Audio By Carbonatix
President John Mahama has renewed Africa’s demand for reparative justice, insisting that the continent has reached a point where forgetting the past is no longer an option.
Speaking at the opening of the Diaspora Summit 2025 on December 19, he said Africa is at “a very pivotal place” in its journey and cannot afford to move backwards or pretend the past never happened.
He warned against what he described as attempts to force Africa into “some sort of amnesia” about “the blood that was spilled, the lives that were lost and the years that were sacrificed” in the fight for freedom.
According to him, the moment makes forgetting impossible, primarily when people of African descent are described as “garbage and filth,” African countries are labelled “shitholes,” and people who look like Africans are stripped of the citizenship they have earned.
President Mahama said this reality leaves Africa with no choice but to confront racism and discrimination directly.
He stressed that this is not a time for excuses or silence, but a time to speak clearly and reclaim what was lost.
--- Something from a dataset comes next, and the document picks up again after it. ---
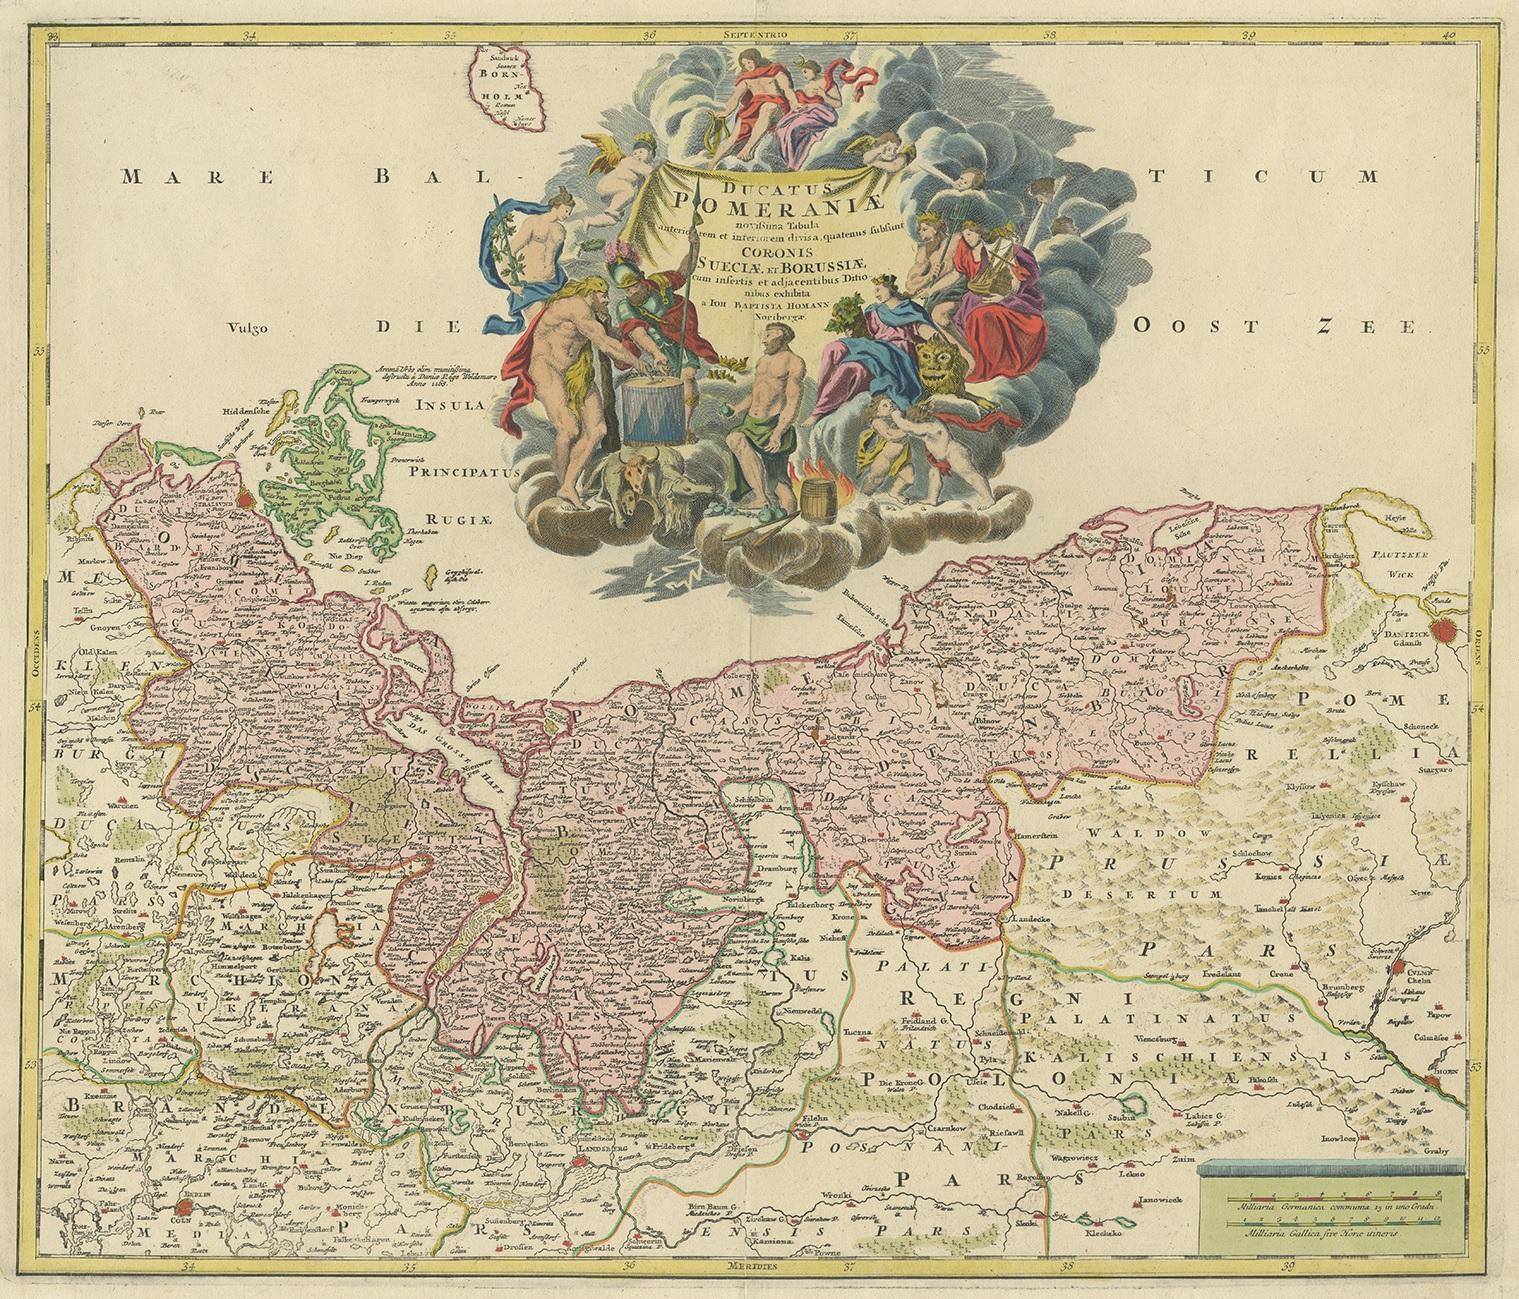 Antique map titled 'Ducatus Pomeraniae (..)'. Regional map of the Baltic, extending from Stralsund and Rugia in the west to Dantzig and Culman on the Vistula in the east. Large cartouche, one of the most ornate allegorical cartouches to appear on a

He described the moment as one that demands clarity about both Africa’s losses and its aspirations.
He announced that Ghana will take a major step on the global stage, revealing that at the United Nations General Assembly this year, he served notice that Ghana will move a motion next year to recognise the transatlantic slave trade as “the greatest crime against humanity.”
He said he expects the motion to enjoy full support from Africa and the diaspora.
President Mahama said Africa has endured slavery, colonialism, genocide and apartheid, and these crimes must be acknowledged.
He declared that Africa demands the creation of legal, institutional and international mechanisms to advance reparative justice.
He was clear on what reparations must involve. They must include “tangible measures such as debt cancellation, monetary compensation, return of stolen artefacts, institutional reform and transformative economic redress in the global economic system.”
He added that the damage to Africa goes beyond material loss. He pointed to the emotional cost and referenced studies on epigenetics, noting that trauma can be passed down through generations.
The President asked what impact centuries of trauma, combined with present-day injustices, have on the health of Africans and their children, and how healing can truly begin.
Looking to the future, President Mahama said Africa must choose how it responds to its history. He reminded the audience that “the future is African,” repeating the phrase for emphasis.
He said Africans hold the power to change the circumstances of their past but must be more intentional about unity than their oppressors were about division.
President Mahama ended on a note of confidence, saying that with a united Africa and diaspora, “there is nothing we cannot achieve.”